Dr Kemp said groundbreaking Commonwealth-funded research had found Australians' exposure to some toxic air pollutants depends more on lifestyle than where they live. Contrary to previously held views that motor vehicles were the most important source of personal exposure to these pollutants, it was revealed arts, crafts and woodwork-based hobbies also can lead to elevated exposure levels.
"I'd like to thank the 200 Australians in Sydney, Adelaide, Melbourne and Perth who volunteered for this BTEX Personal Exposure Monitoring Study, which looked at the levels of the toxic air pollutants benzene, toluene, ethyl benzene and xylenes (known as BTEX) to which they were exposed," Dr Kemp said.
"The good news is that actual exposure to these pollutants was generally low for most participants, adding to recent evidence that air quality in our capital cities is improving.

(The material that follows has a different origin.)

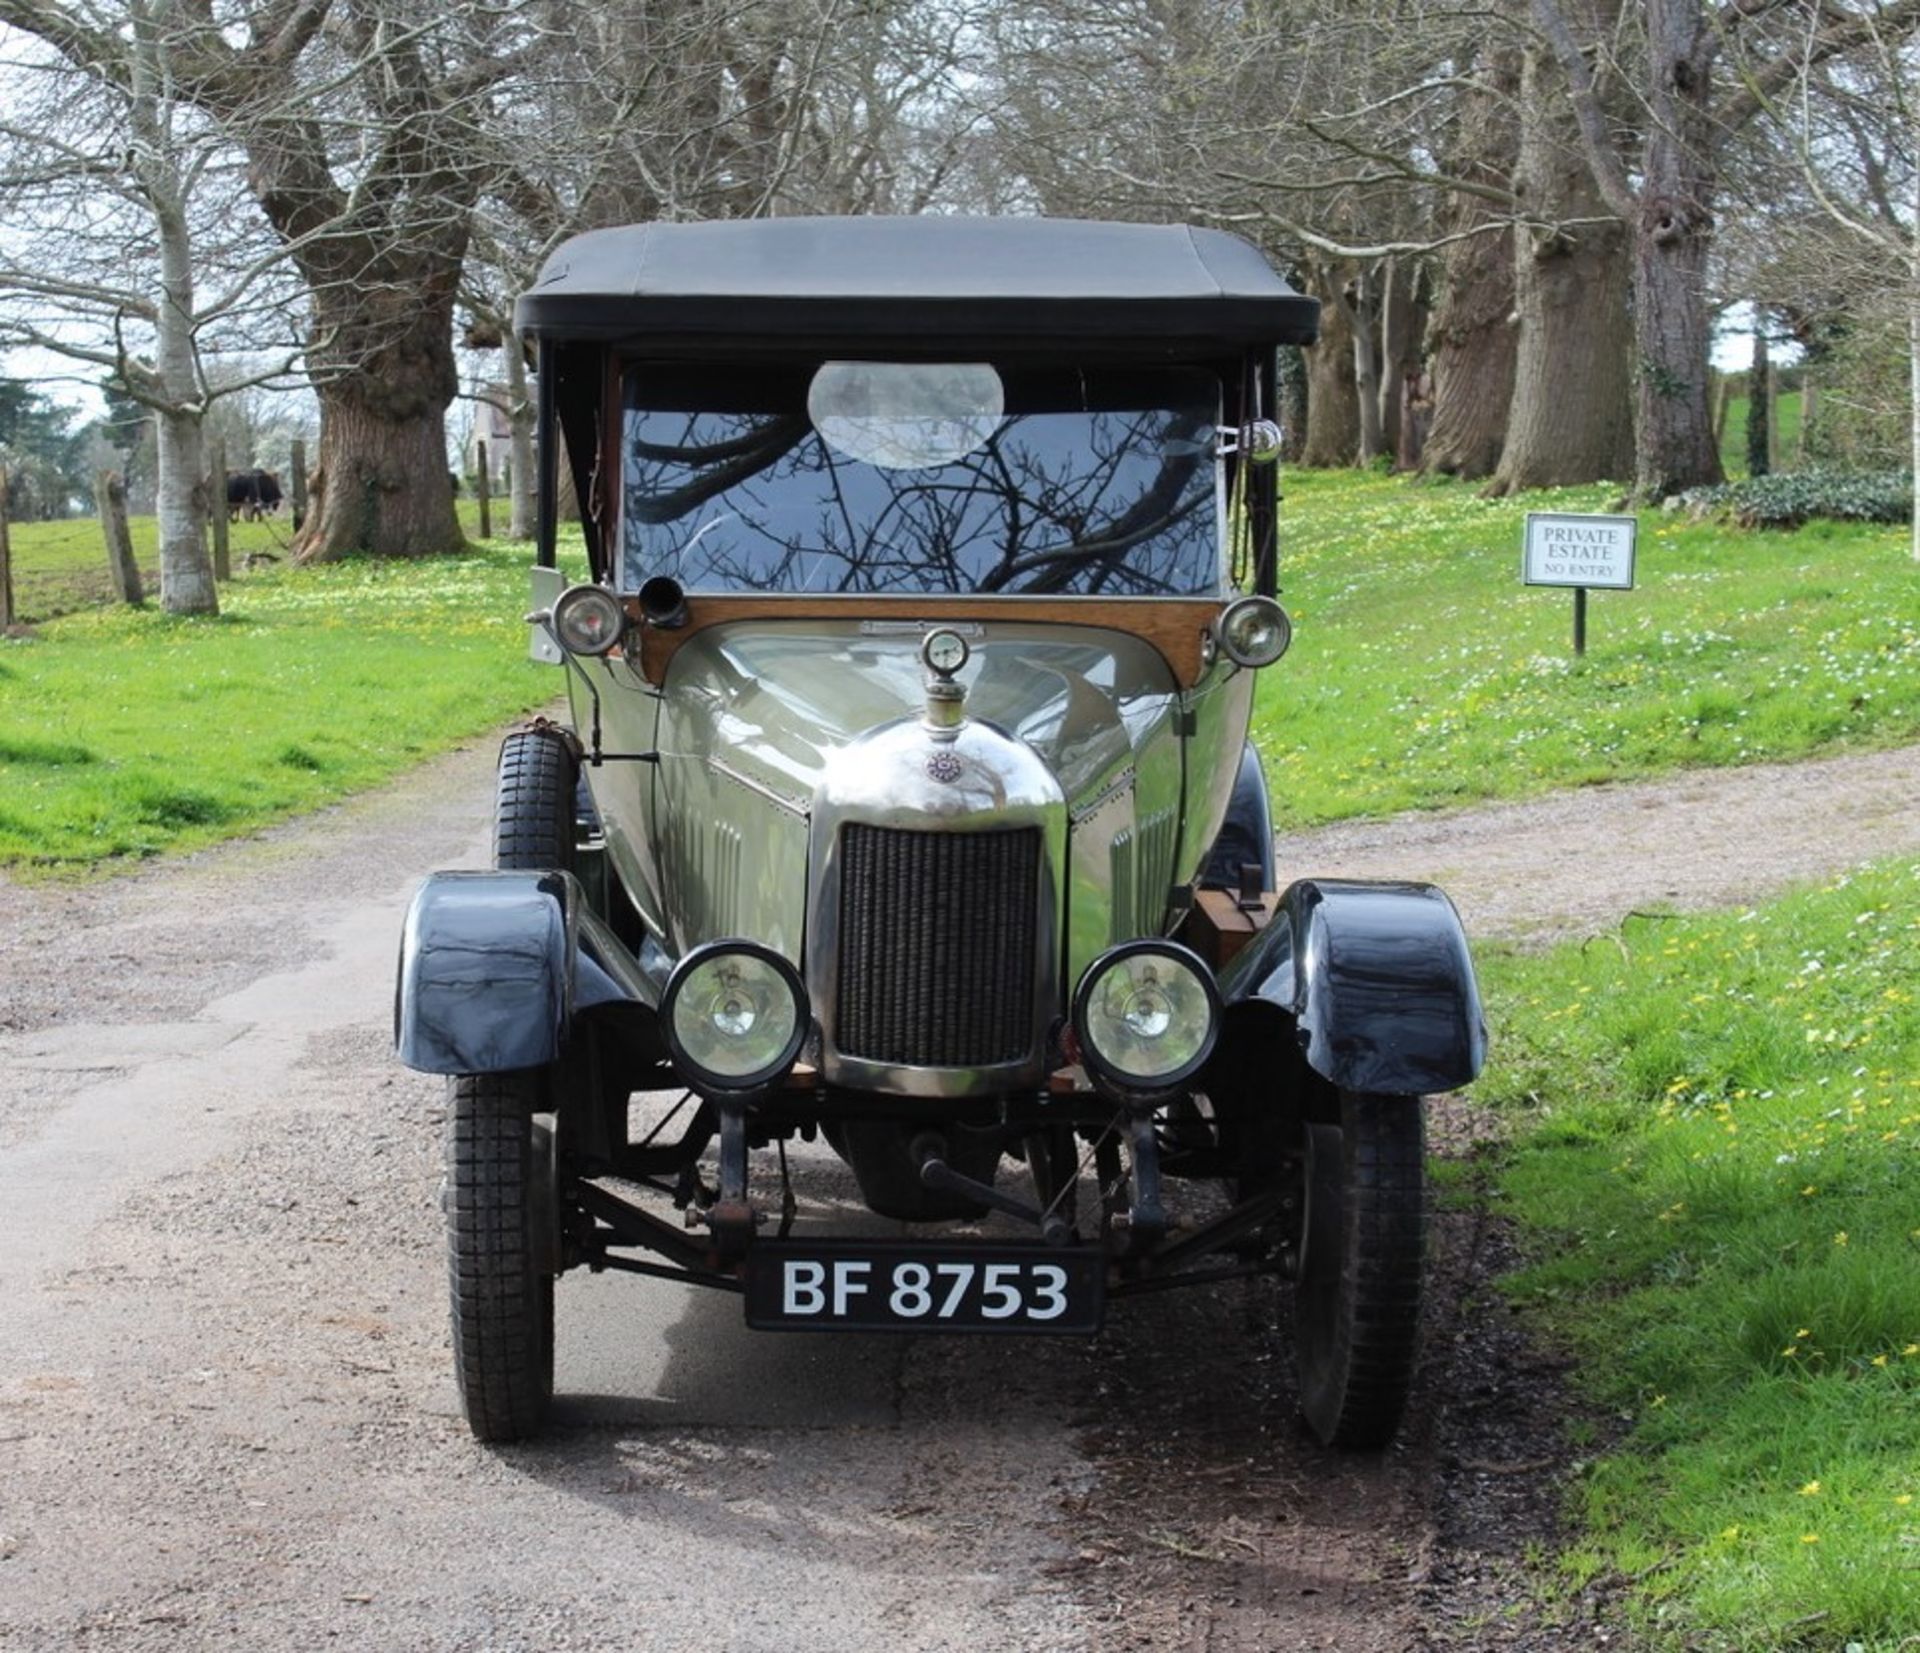 1921 MORRIS OXFORD ‘BULLNOSE’ DOCTOR'S COUPE Registration Number: BF 8753 Chassis Number: TBA - Image 5 of 19
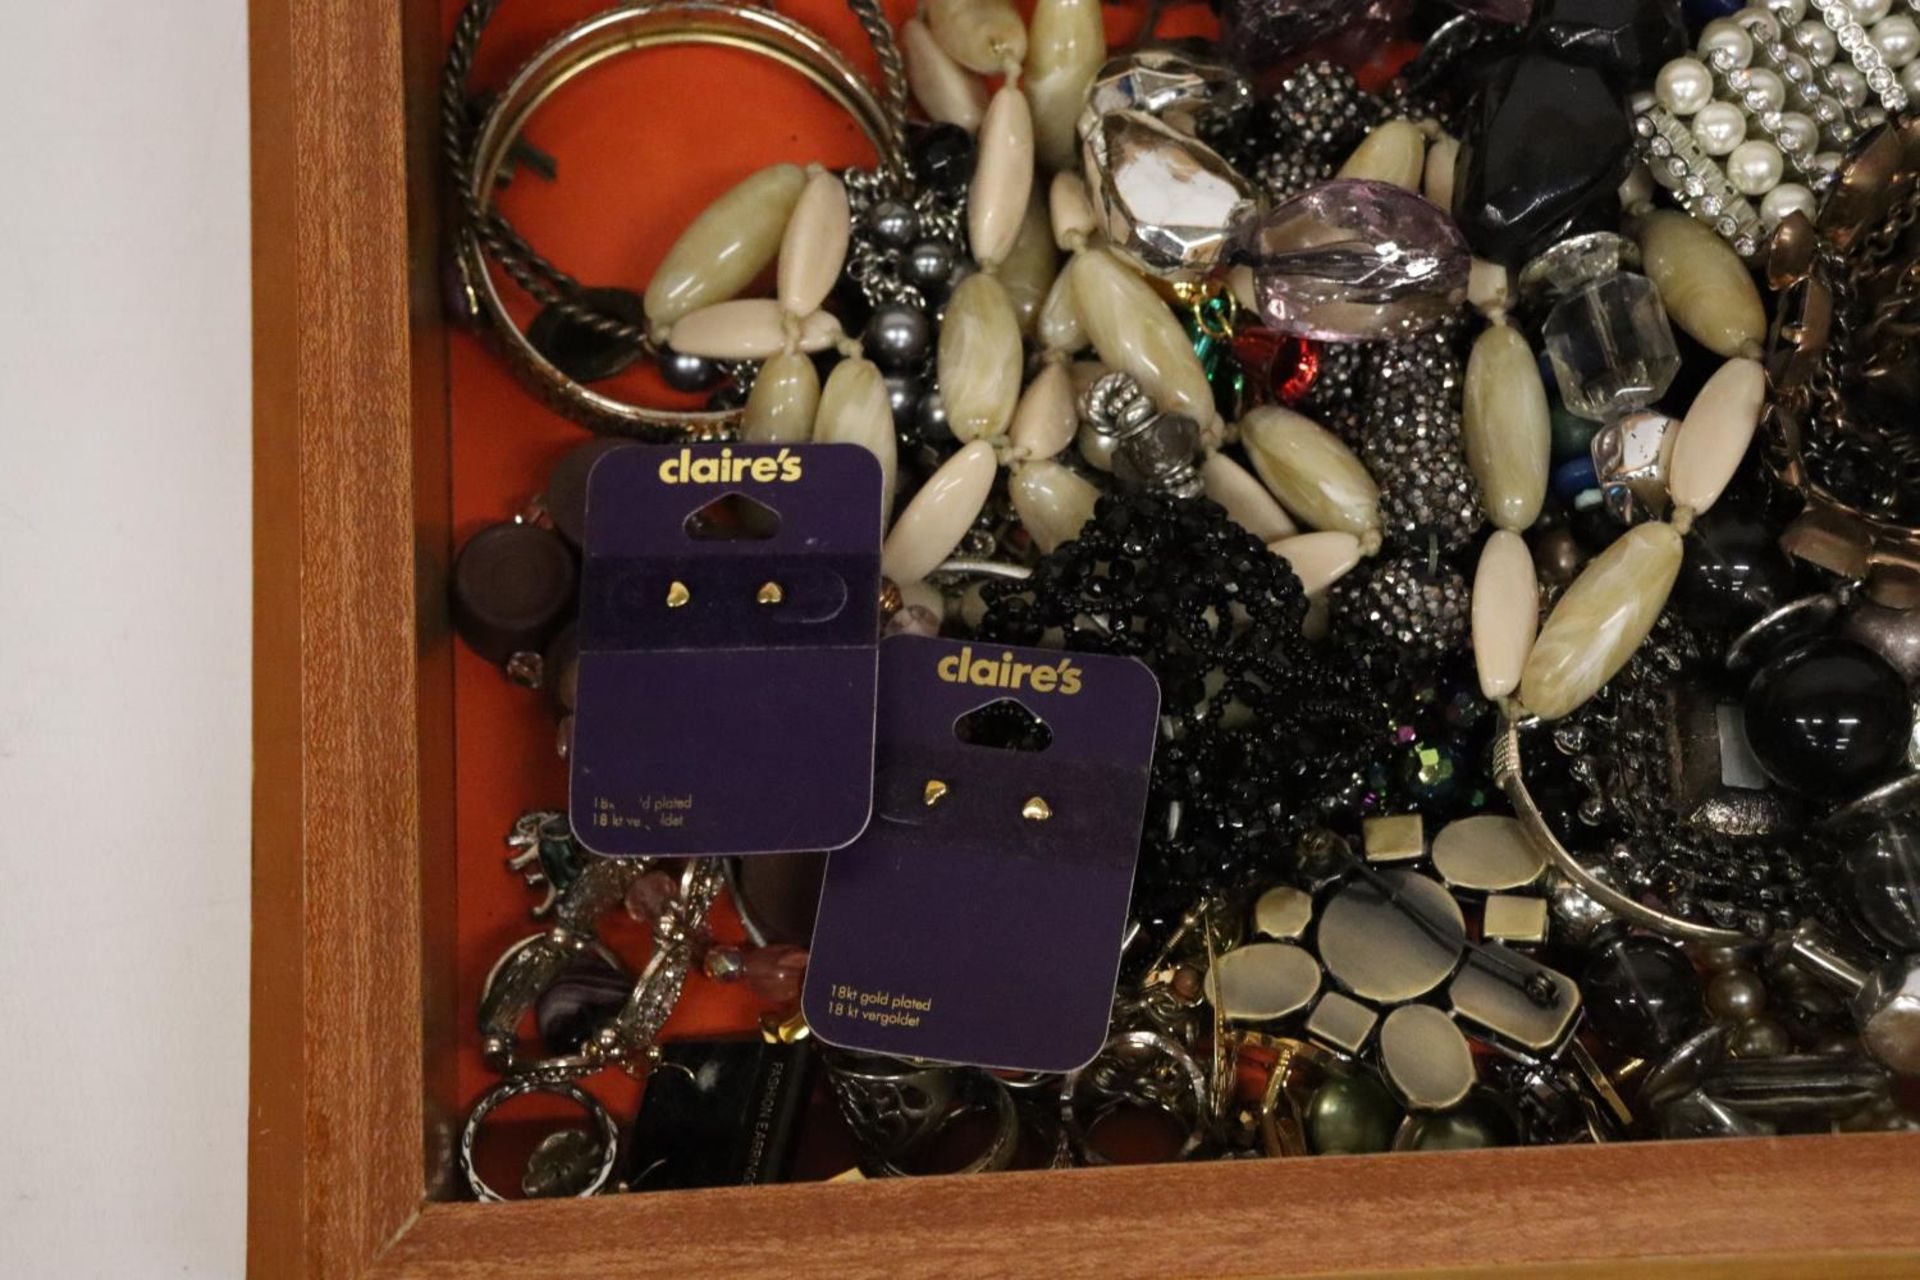 A QUANTITY OF COSTUME JEWELLERY IN A GLASS TOPPED DISPLAY CASE - Image 4 of 6

"Better still is the study's finding that exposure to the carcinogenic pollutant benzene was even lower in cities where there are reduced benzene limits in fuel. These lower benzene limits will come into force nationally at 1% maximum by 1 January 2006 under the Federal Government's Fuel Quality Standards Act 2000, meaning lower exposure for all Australians."
The volunteers for the research, all non smokers, wore a pen-like gas sampling device for five days in winter and summer which registered minute traces of the air pollutants.
"The study shows how behaviours and lifestyle affect health. This poses a challenge for governments as the issue of air quality crosses a range of different environments. But reducing emissions is not just the responsibility of the Commonwealth, State and local governments. Industry and consumers must also take action," Dr Kemp said.
The $560,000 study was funded through the Howard Government's Living Cities " Air Toxics Program. The Federal Government has committed over $2 million over the past three years for air toxic programs to help reduce exposure to pollutants.
Copies of the BTEX Personal Exposure Monitoring Study are available online at www.ea.gov.au/atmosphere/airtoxics/report6/index.html.